Sunday, June 10, 2012

Heavy Rain Review

Heavy Rain

“How far would you go to save someone you love?” That’s the tagline for Heavy Rain, a psychological thriller developed by Quantic Dream. The game poses a question that many of us take for granted. I am a victim of this and I am willing to bet many of you are as well. Heavy Rain is the kind of game that challenges you to stop and ask yourself; how far am I willing to go to help a loved one?

What Heavy Rain manages to do well is tell a strong narrative through its gameplay. It does this by using a gesture-based control scheme so that you can really empathize with the characters you control. In the game, you set out to save a young boy who has been kidnapped. The beauty of the game is that all of the decisions you make throughout the game really matter. Making bad decisions could be life threatening; so if a character should perish in Heavy Rain, they are not playable for the remainder of the game. It completely throws out the tried and true “Game Over” screen out of the window and forces you to really think before you act. The one area where the game falls short is in its difficulty, if you are playing reckless and without regard for your decisions, the game is pretty lenient and allows room to rebound from the mistakes. This can be remedied by playing on a higher difficulty setting however.

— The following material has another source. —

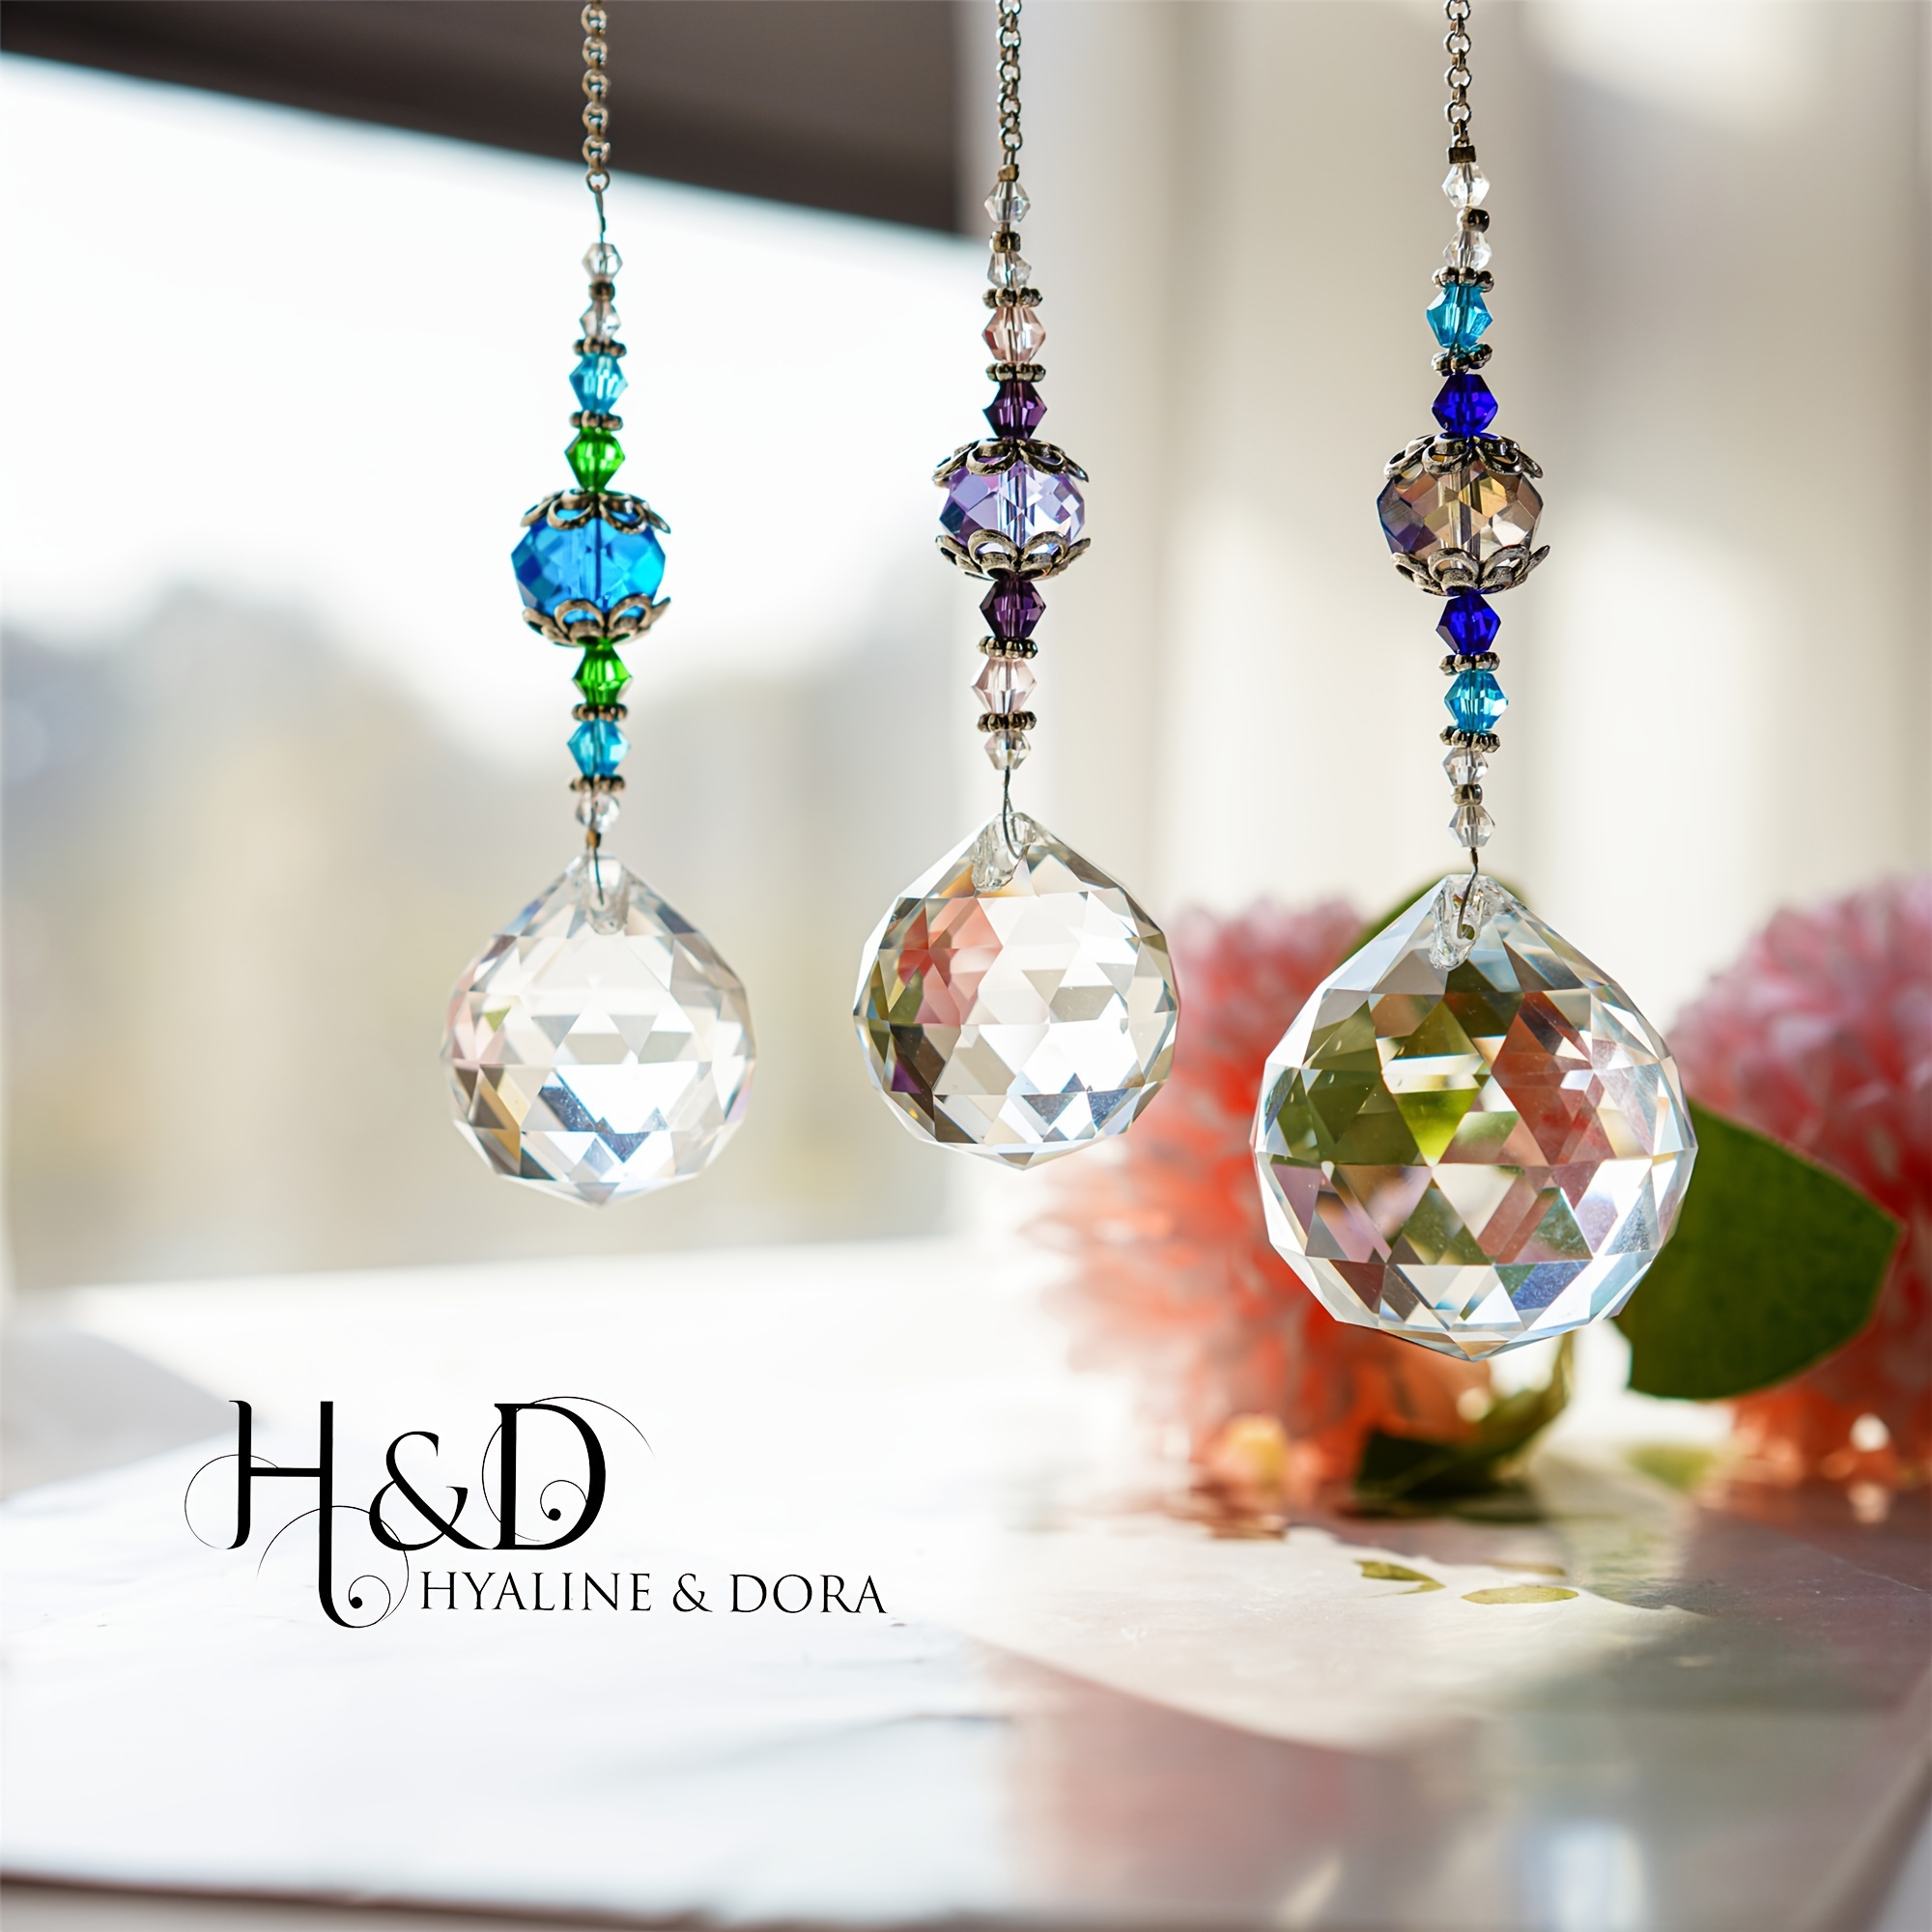 

3pcs Hanging Pendants Ornament Clear Crystal Prism Ball Rainbow Maker Window Prisms Suncatcher For Home Garden Decor

Heavy Rain Gameplay Trailer

Heavy Rain has been received well by critics and varies in success with players. This is true for several reasons: the adult themes, the change in theme from the plethora of FPS (First-Person Shooters) that flood the market, and its sophisticated controls that add a deep sense of panic to the gameplay. One thing to note however is the completion rate of the game. The developers have revealed it to be 70% as opposed to the 20% completion rate of other games on the market. Quantic Dream set out to challenge players to play a different type of game, with moral themes and a thought provoking narrative. This undoubtedly lead led to its “M” rating. The main audience for this title is adults who are willing to accept the challenge and ready to embark on a journey not much unlike the ones we live daily.

I think this game should be experienced by anyone who appreciates an engaging narrative. It can be appreciated, not only gamers, but also fans of cinema and other forms of narrative entertainment.  Heavy Rain is an important game because we are all sons and daughters, sisters and brothers and mothers and fathers. Above all else we are people and whether we admit to it or not, we effect one another on several levels- be it a small interaction at the local supermarket or a life changing event- we have an impact on each other's lives.

Heavy Rain does what many other games fail to do. It leaves you contemplating your everyday life choices; how you interact with people, the way others view you and the connections formed with the people you meet. It forces you to question yourself and many aspects of your being, it can also strengthen your beliefs of the way people should be treated. Either way Heavy Rain is an experience meant to challenge you mentally and dares you to answer the question: How far would you go to save someone you love?

Did you play Heavy Rain? If so what do you think of the game?